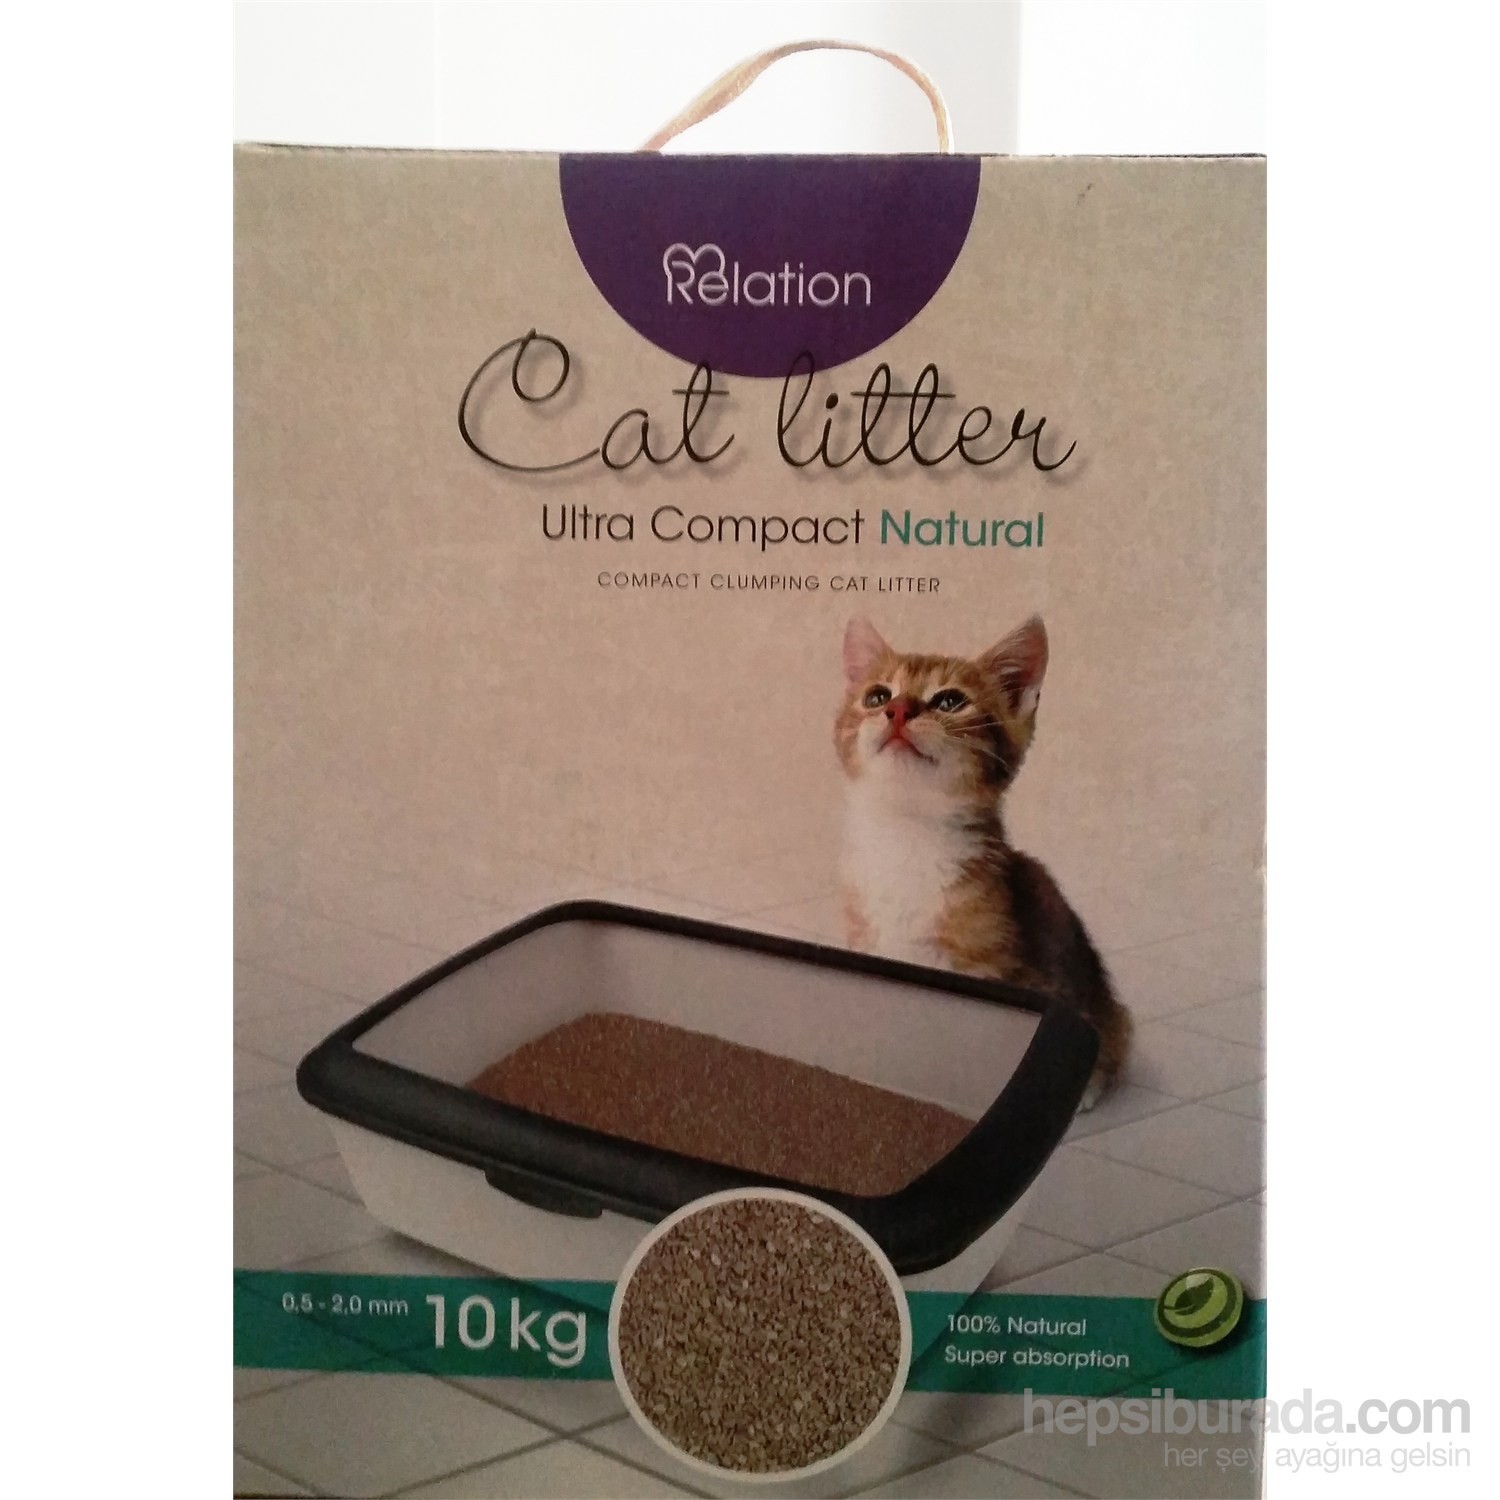 Relation Naturel Dogal Kedi Kumu Cat Litter 10 Kg Fiyatı
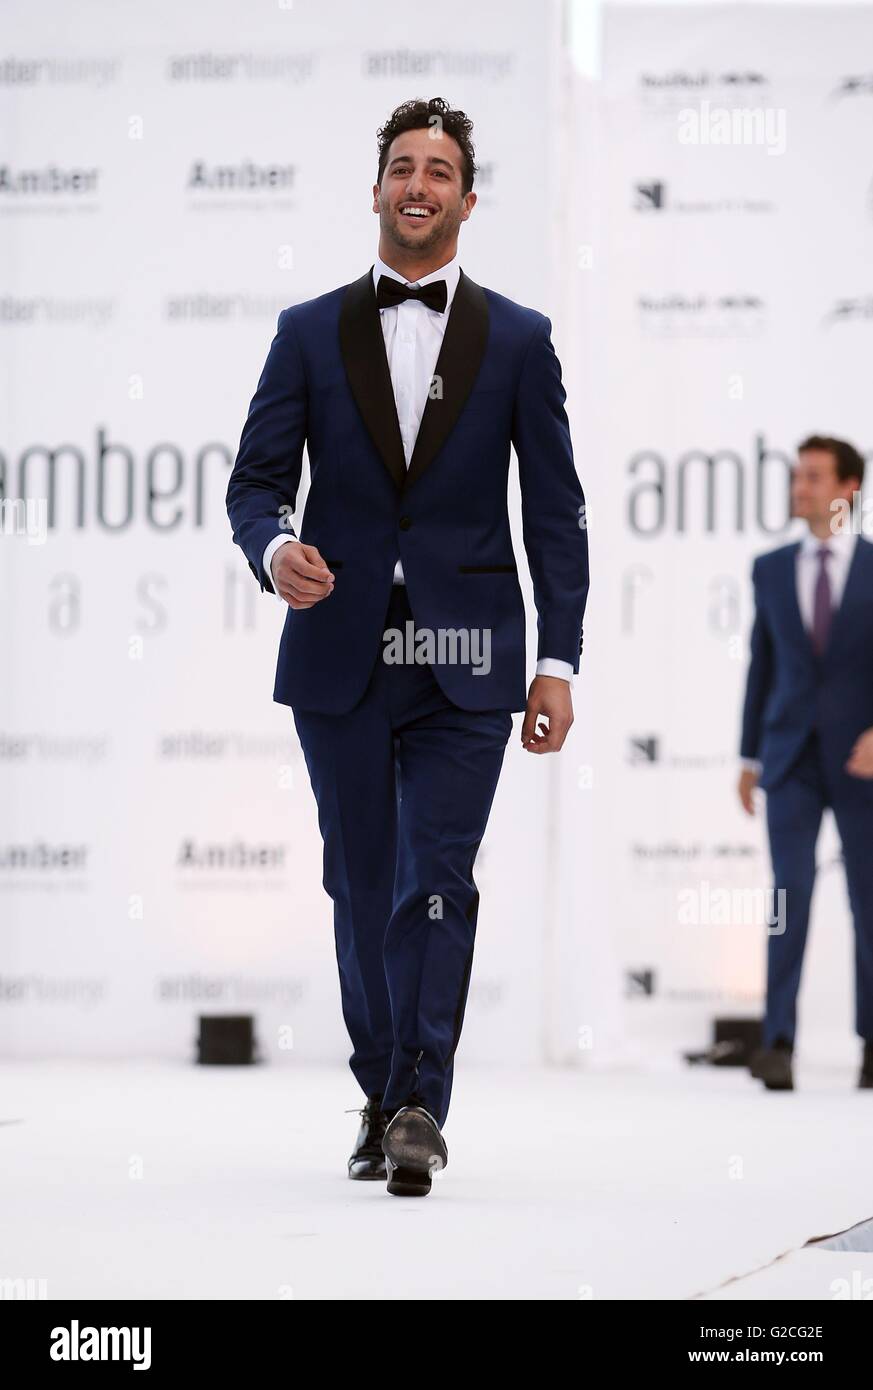 La Red Bull Racing driver di Formula 1 Daniel Ricciardo durante l'Amber Lounge fashion show a Le Meridien Hotel, Monaco. Foto Stock
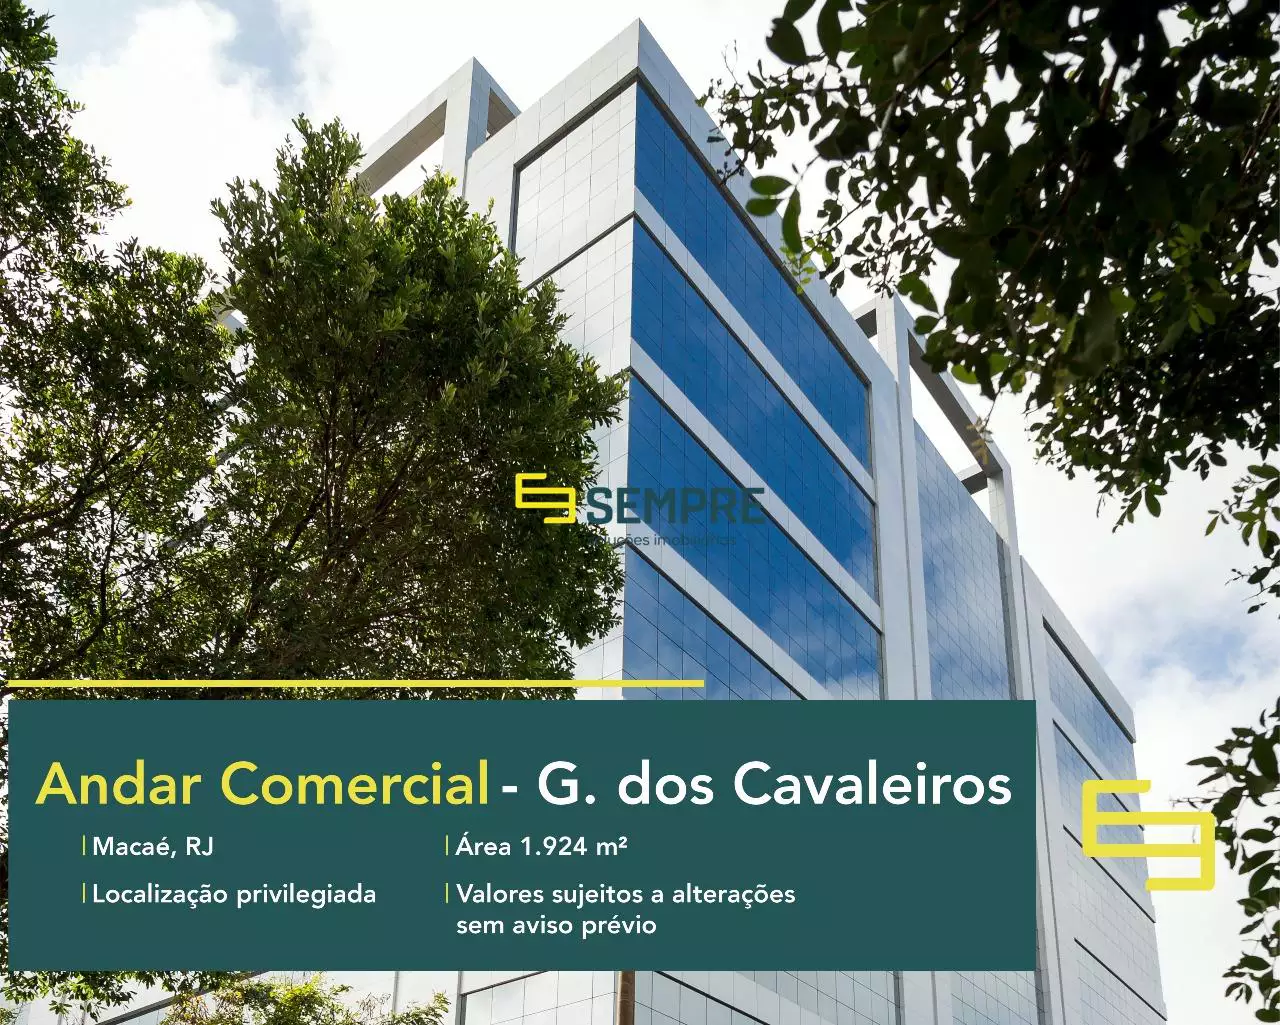 Prédio comercial no Rio de Janeiro para alugar - The Corporate, excelente localização. O ponto comercial conta com área de 1.924 m².
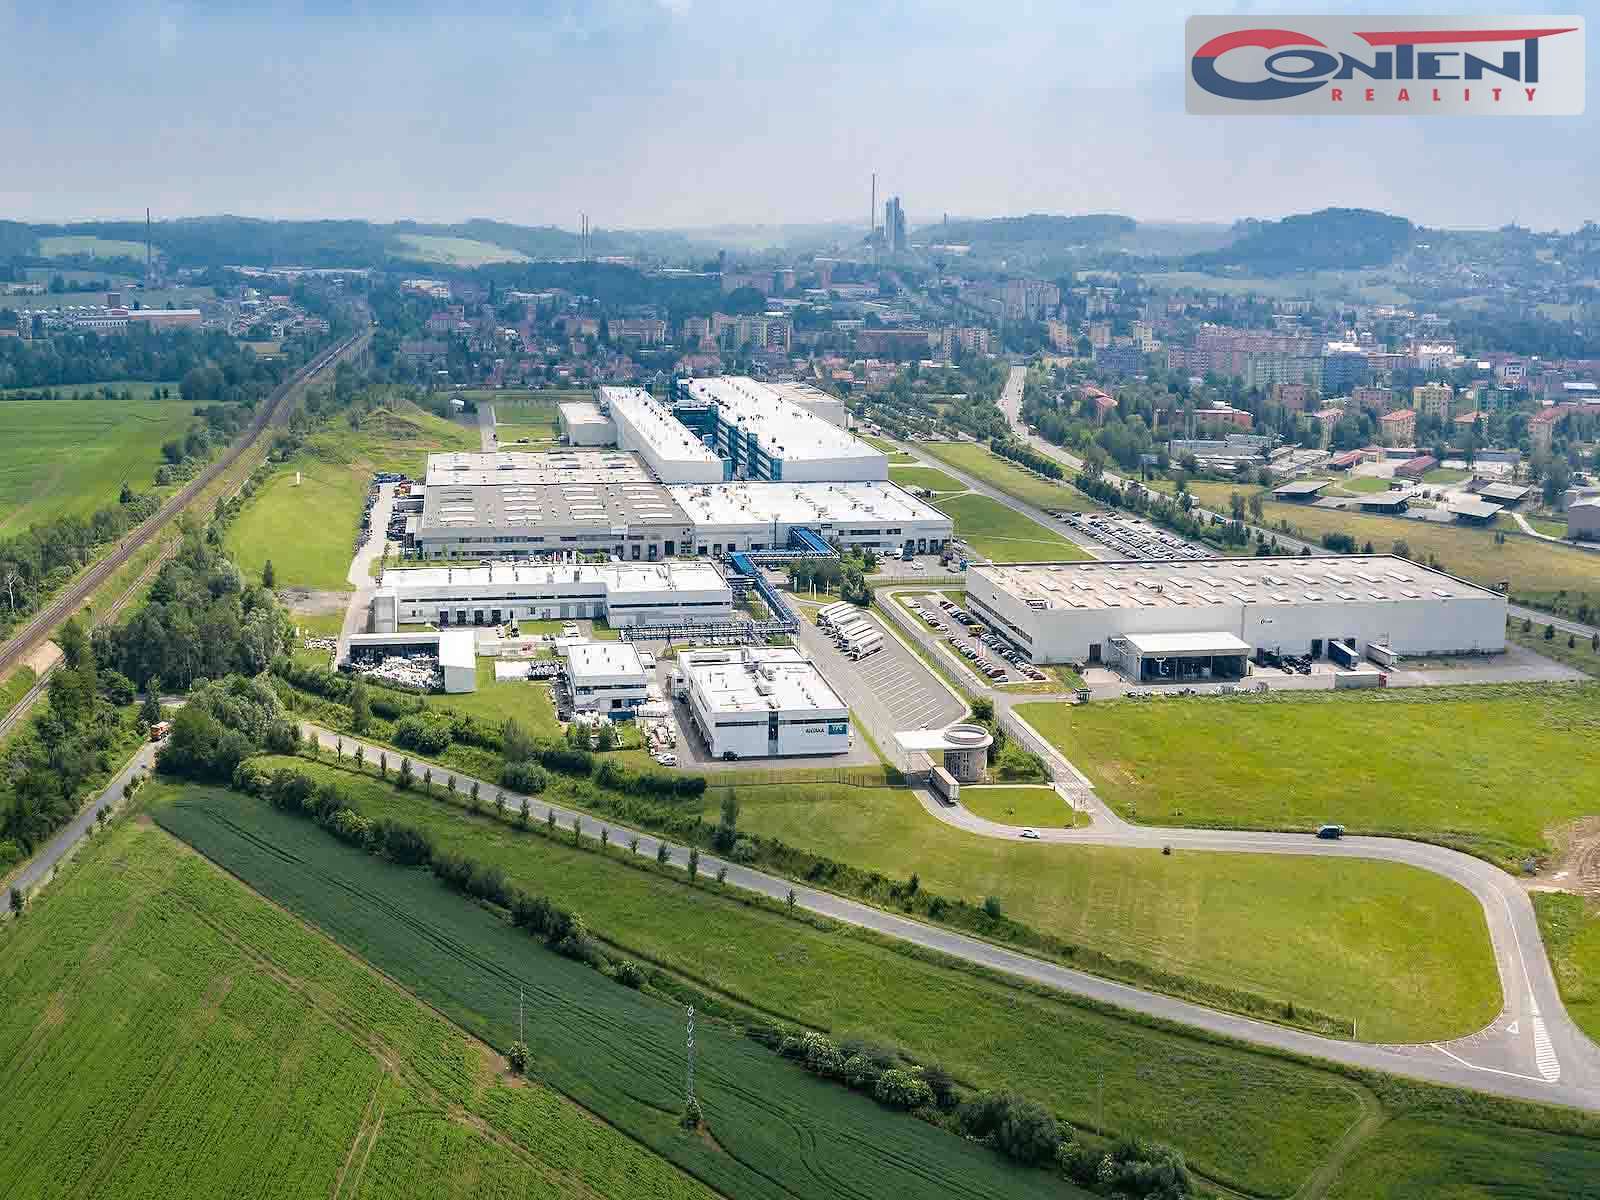 Pronájem skladu nebo výrobních prostor 1.579 m², Hranice, D1 Olomouc
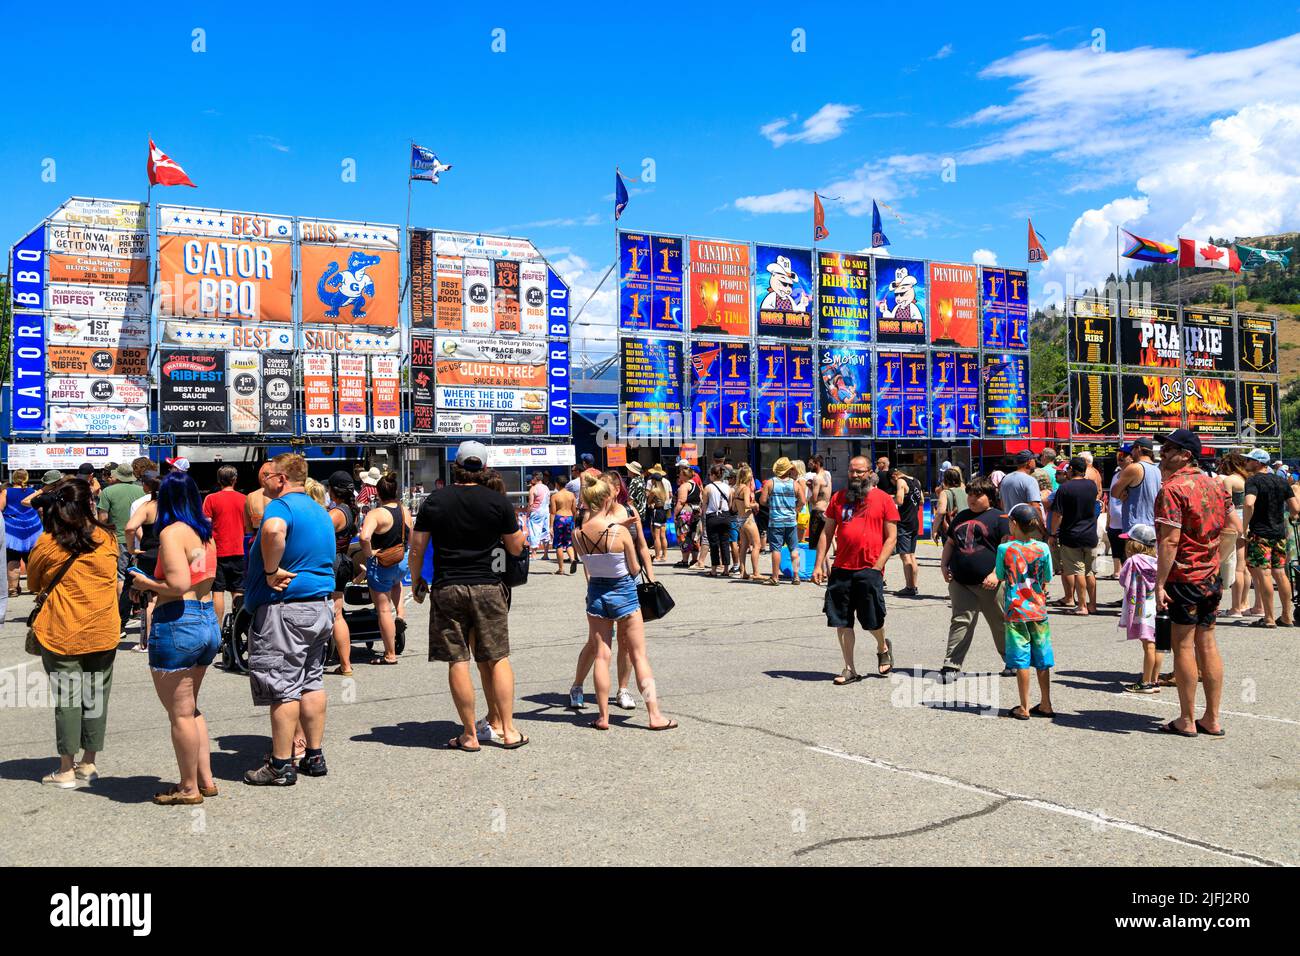 Penticton, Colombie-Britannique, Canada - 30 juin 2022 : des foules de gens au Festival des côtes de Penticton où des équipes de barbecue de partout au Canada se disputent l'été Banque D'Images
────────────────
■ DIRECTIONS: The copy must match each record exactly, apart from the images, which stay out.

■ ANSWER BOX:
 Relation Naturel Dogal Kedi Kumu Cat Litter 10 Kg Fiyatı
 La Red Bull Racing driver di Formula 1 Daniel Ricciardo durante l'Amber Lounge fashion show a Le Meridien Hotel, Monaco. Foto Stock
 Prédio comercial no Rio de Janeiro para alugar - The Corporate, excelente localização. O ponto comercial conta com área de 1.924 m².
 Pronájem skladu nebo výrobních prostor 1.579 m², Hranice, D1 Olomouc
 Penticton, Colombie-Britannique, Canada - 30 juin 2022 : des foules de gens au Festival des côtes de Penticton où des équipes de barbecue de partout au Canada se disputent l'été Banque D'Images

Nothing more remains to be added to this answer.